Bile—composed mostly of cholesterol, bile salts, and bilirubin—is actually made by the liver. It’s held in the gallbladder until the body signals to empty into bile ducts leading to the duodenum, the entry to the small intestine.

“Certain cells in the small bowel detect a fatty meal, and send a hormone to the gallbladder to secrete more bile,” Dr. Davila said. “Sometimes, the stones are there, and it causes them to become symptomatic and painful for patients.”

That could include getting lodged in bile ducts, causing a gallbladder attack that can result in an inflamed gallbladder, as well as damage to the organ, bile ducts, or liver. Stones can also cause bile to back up ducts and spill into adjacent organs such as the pancreas, causing swelling and redness.

Excruciating Pain

Gallbladder attacks often will last about three to seven hours once the pain first begins, Dr. Davila said. When the pain recedes, that usually means the stones have dislodged themselves.

“For people whose pain persists and lasts for seven hours ... those stones may not be clearing and they may need to go to the emergency room to be evaluated,” he said. “It really can happen to anyone. Often, they don’t even know they have gallstones.”

About 25 million people in the United States have gallstones, according to the National Institute of Diabetes and Digestive and Kidney Diseases. It affects up to 15 percent of the population. About 1 million people are diagnosed with gallstones annually, with about 25 percent being treated, typically with surgery.

“There’s a lot of pain. The urgent fix to get out of pain is to remove the gallbladder,” said Loredana Shapson, pharmacist, health coach, and functional nutritional therapy practitioner. “Think about how small those ducts are that are passing bile. When you’re talking about stones, you’re talking about sharp crystal-like objects. They'll end up tearing at the tissue.”

Living Without a Gallbladder

Because you can live without a gallbladder, cholecystectomy—surgery common for problematic gallstones—isn't considered a risk to overall health and quality of life. Your liver still produces the necessary bile. But it may not make enough to aid in the digestion of large or fat-heavy meals.
While cholecystectomy is generally safe, all surgeries carry risks from anesthesia and injury to nearby organs. Other risks include leaking bile, bleeding, infection, blood clots, and pneumonia, according to Mayo Clinic. Without a gallbladder, bowel movements can either become loose or inconsistent.

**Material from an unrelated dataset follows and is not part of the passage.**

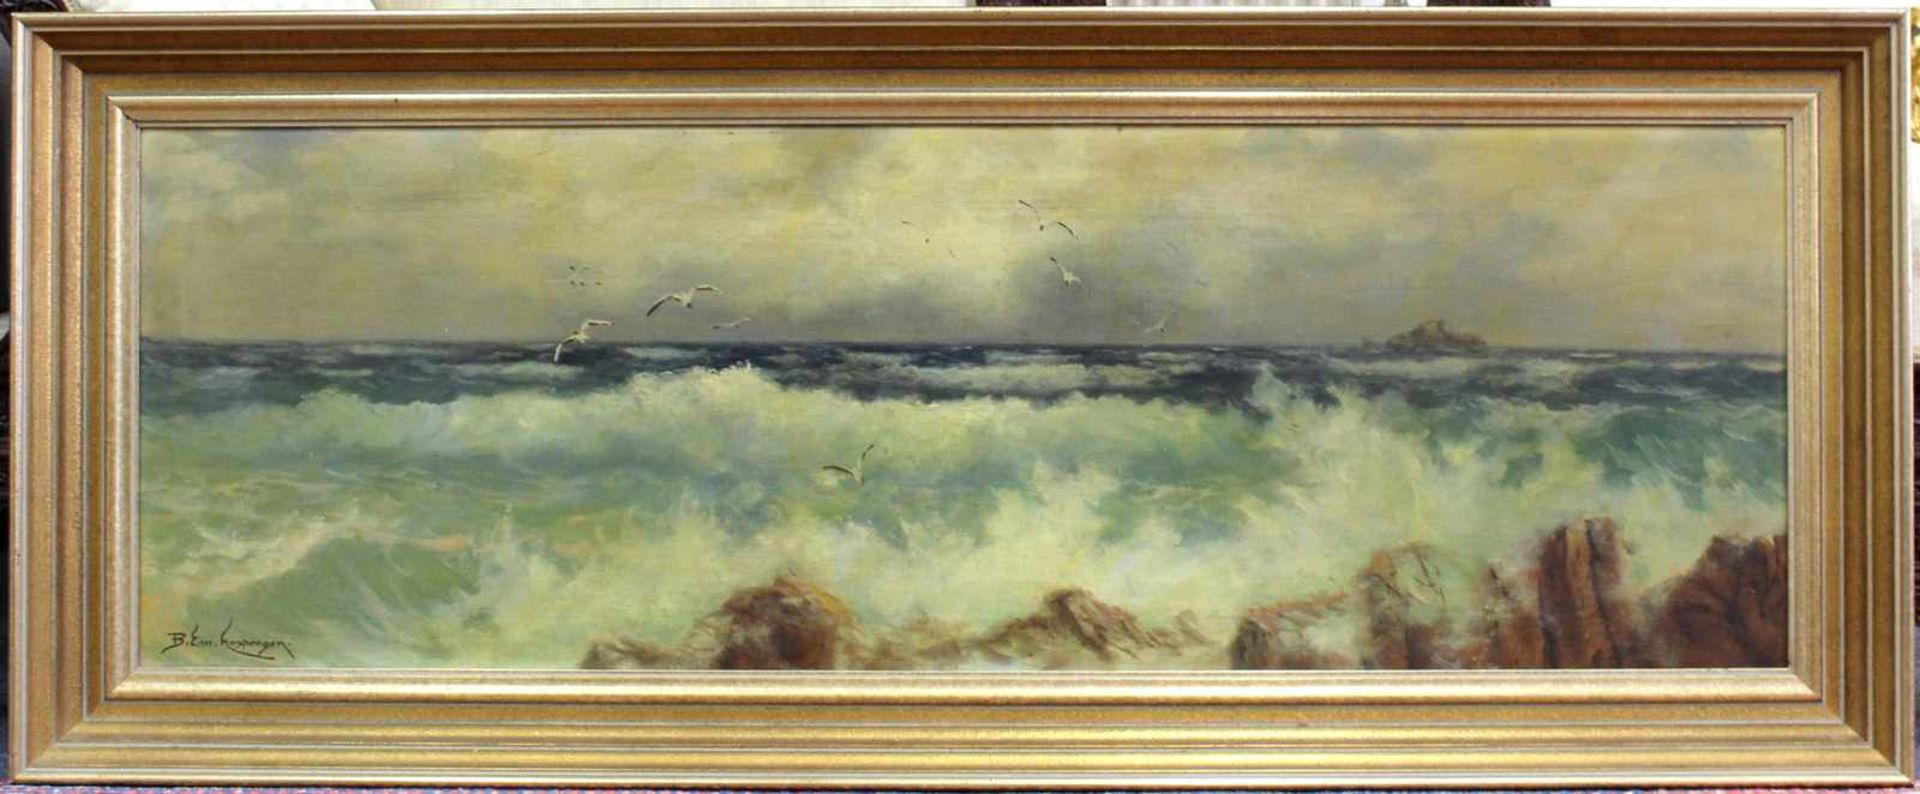 Emanuel HOSPERGER (1891 - 1984). Meeresbrandung mit Möwen. 45 cm x 146 cm. Ölgemälde auf Leinwand. - Image 2 of 8

“You don’t get that burst [of bile] at meal time and can’t make enough to store. You can’t eat certain foods because it upsets the stomach,” Ms. Shapson said. “Then, it becomes a food restriction thing. When you don’t have a gallbladder, you’ll most likely suffer from constipation.”

Also, surgery doesn't solve the problem of gallbladder attacks, called choledocholithiasis. Stones can still get stuck in the ducts and cause symptoms, according to the Icahn School of Medicine at Mt. Sinai. 
Severe cases can involve nausea and vomiting, fever, chills, jaundice, tea-colored urine, and pale stools. The precise process of bile transforming into stones isn't fully understood.

Saving Gallbladders

Newer research is challenging the knee-jerk reaction of removing gallbladders because of pain and stones. A study published in The Lancet in 2019 concluded that certain patient groups don't benefit from gallbladder removal.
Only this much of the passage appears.